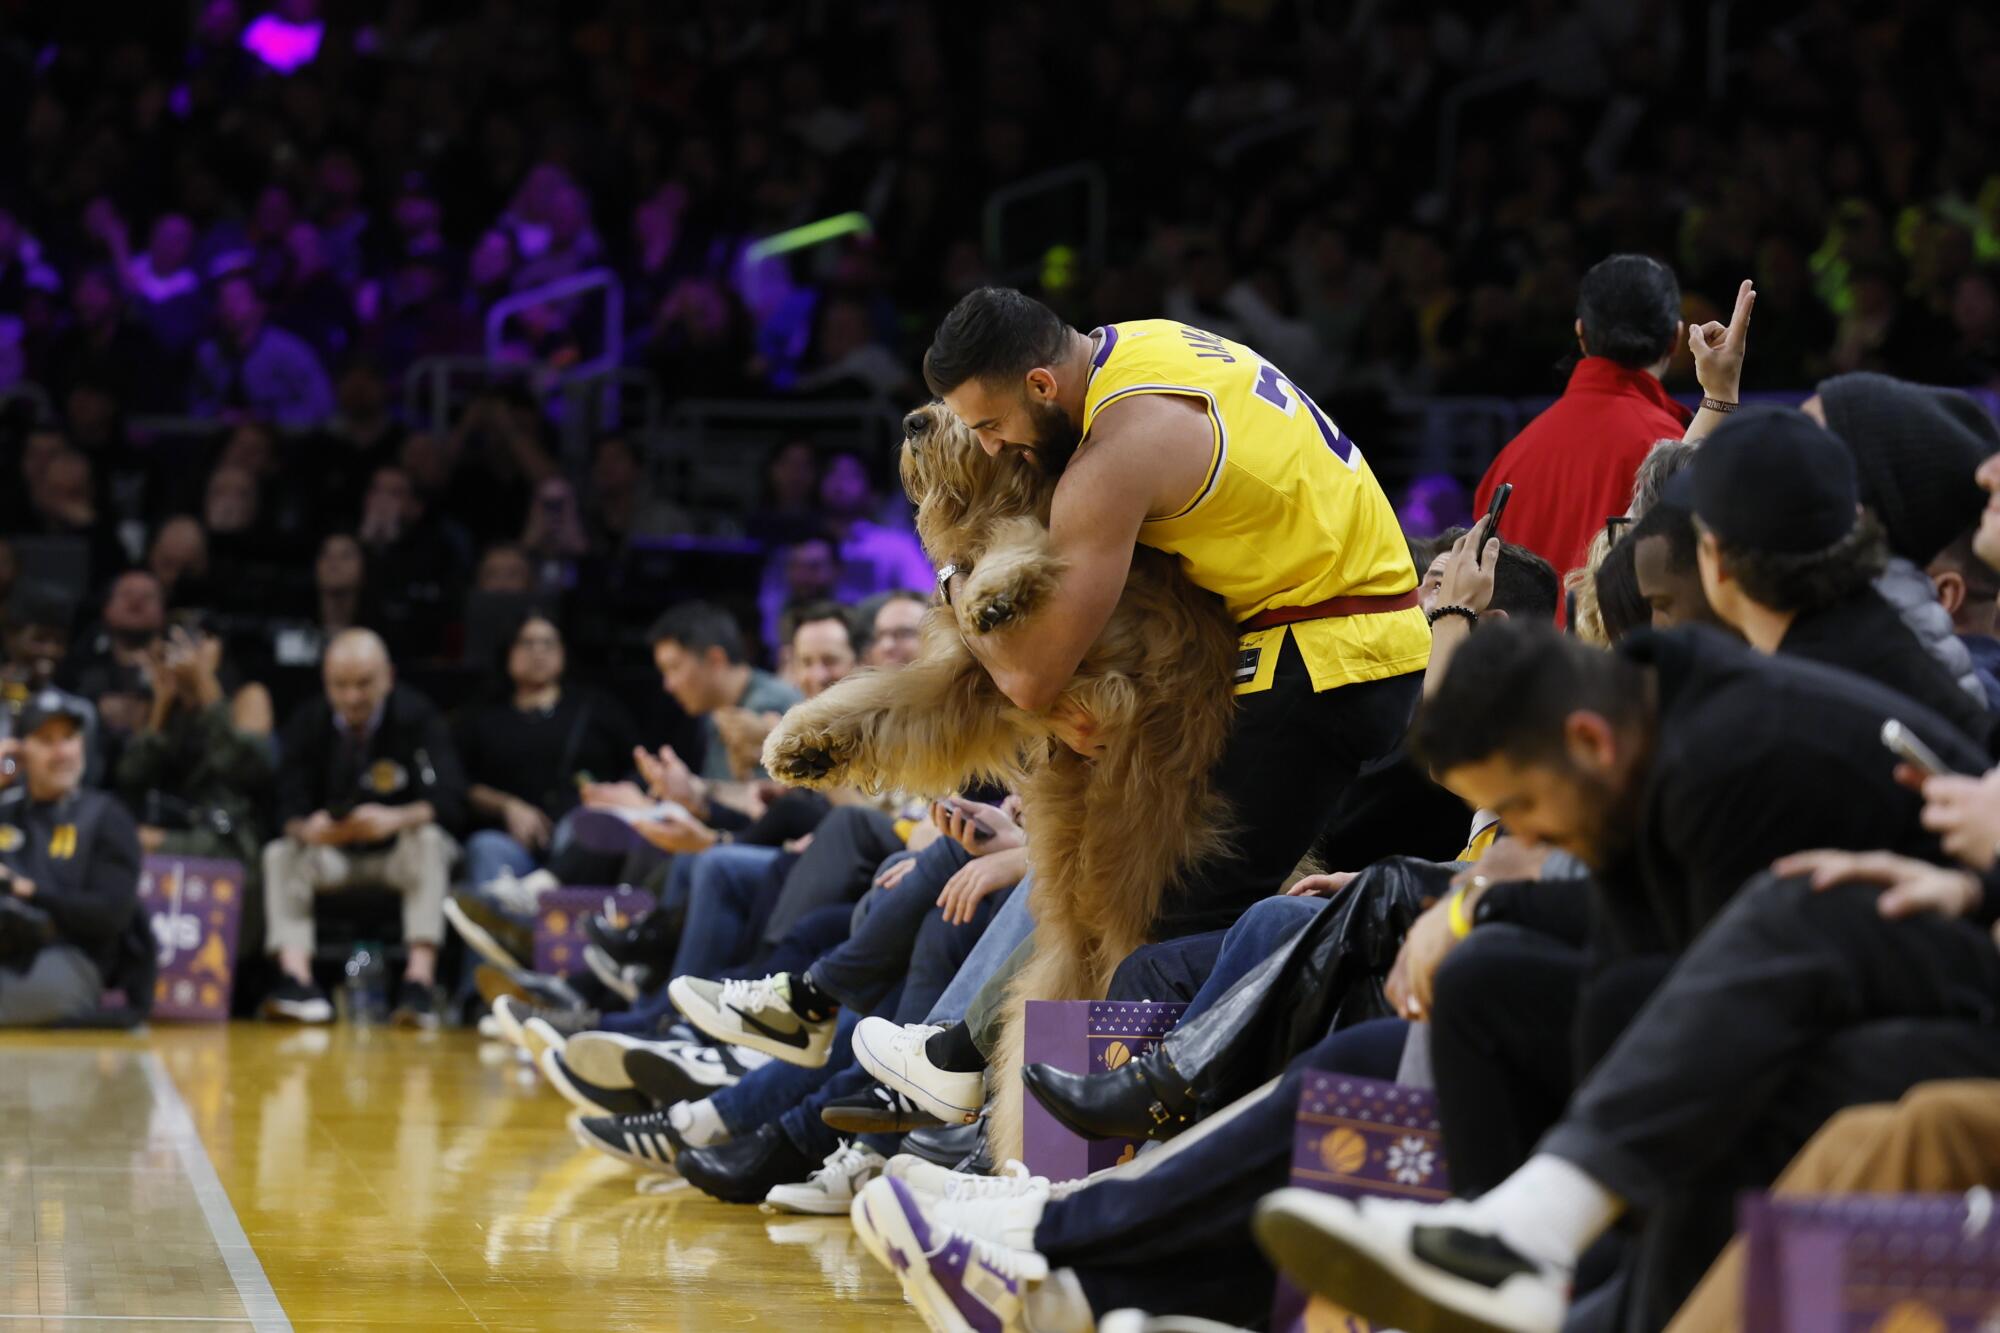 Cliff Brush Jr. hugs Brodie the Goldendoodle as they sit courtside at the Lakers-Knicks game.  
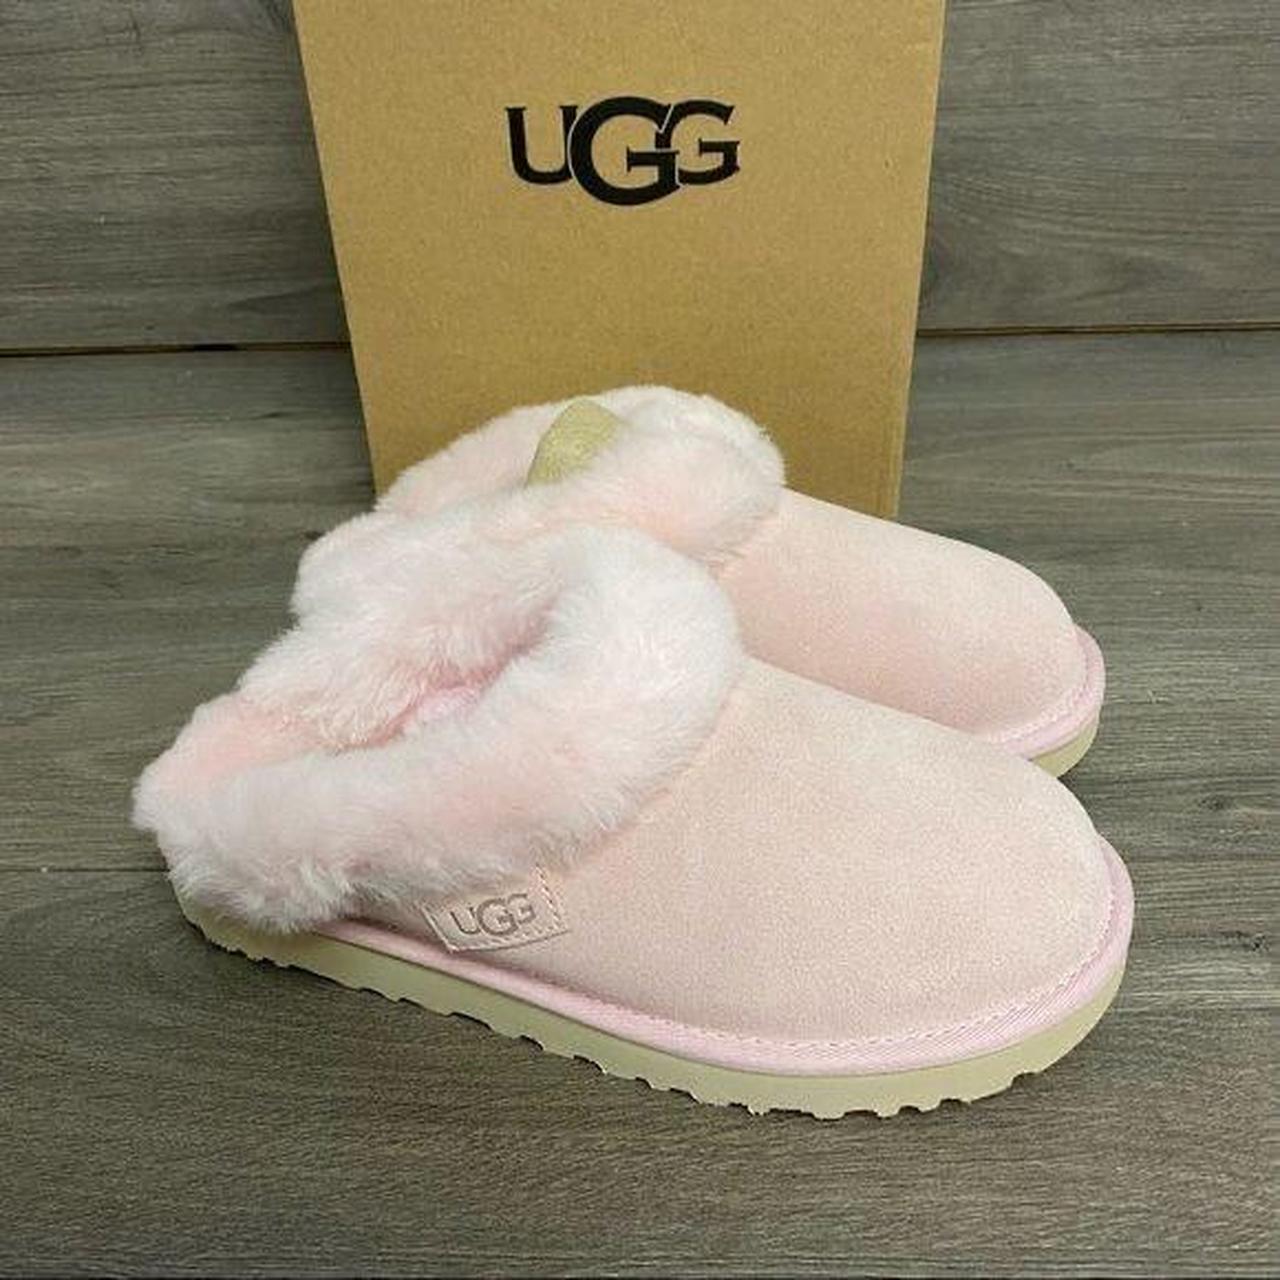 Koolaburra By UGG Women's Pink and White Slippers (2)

********************

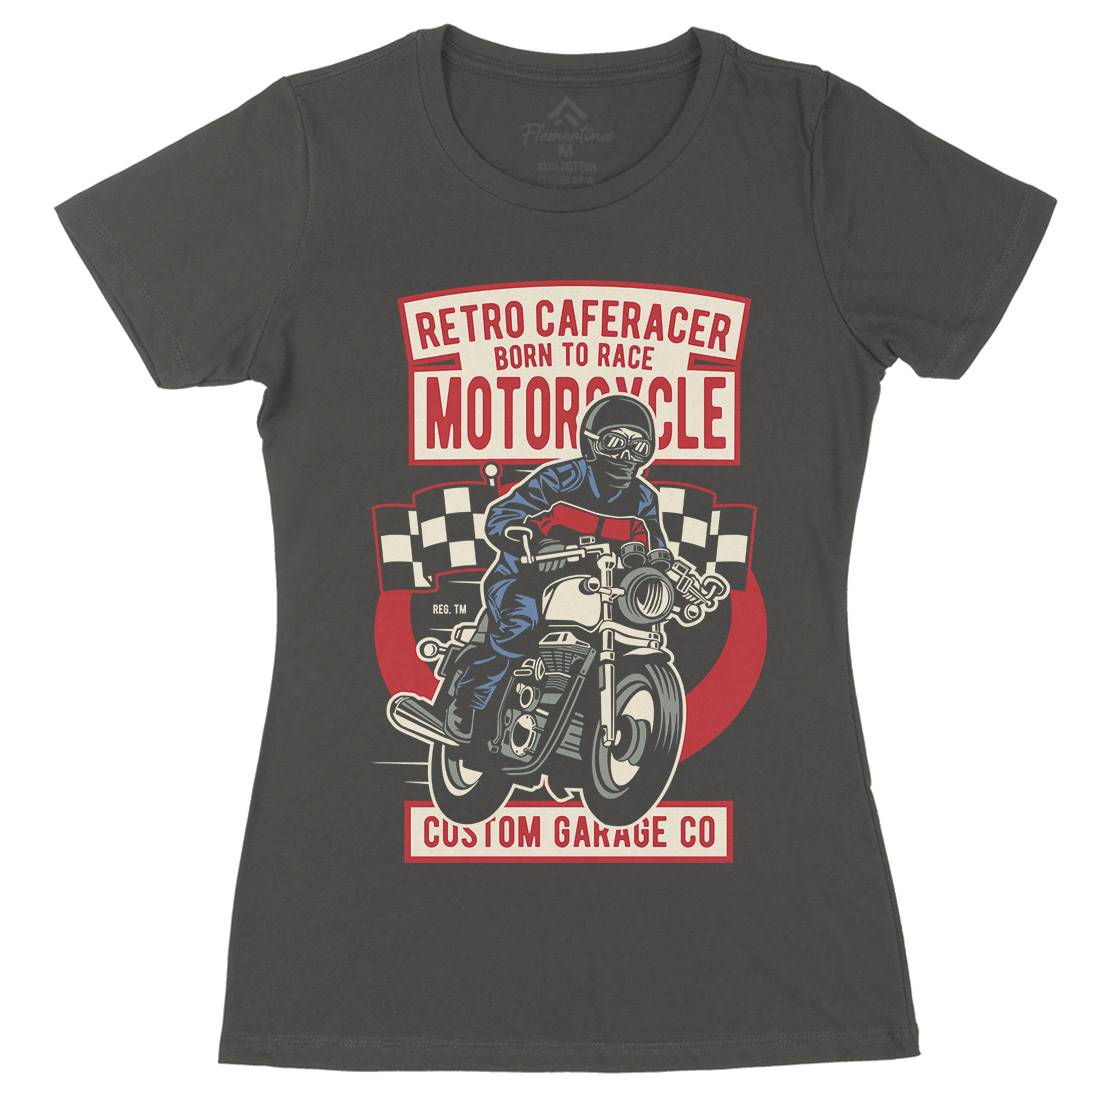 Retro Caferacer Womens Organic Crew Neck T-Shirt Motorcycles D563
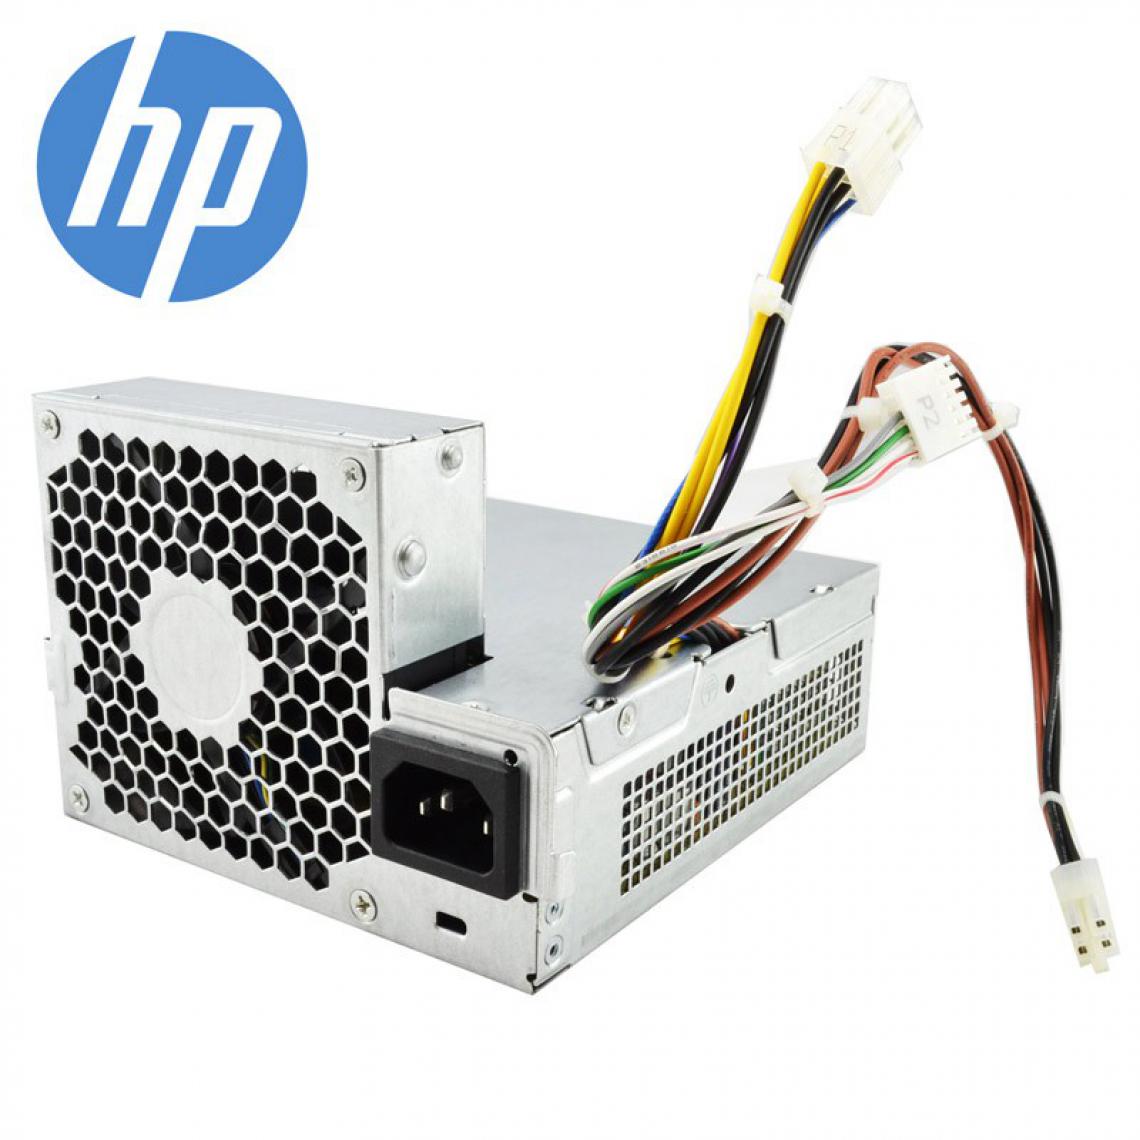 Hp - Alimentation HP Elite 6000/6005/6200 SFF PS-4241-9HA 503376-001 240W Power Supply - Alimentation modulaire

********************

For this exercise, set down the lines in the entries above from the one with "Cliff Brush Jr." through the one with "Koolaburra By UGG" exactly as written, without any pictures.

* Written solution:
 Cliff Brush Jr. hugs Brodie the Goldendoodle as they sit courtside at the Lakers-Knicks game.  
 Koolaburra By UGG Women's Pink and White Slippers (2)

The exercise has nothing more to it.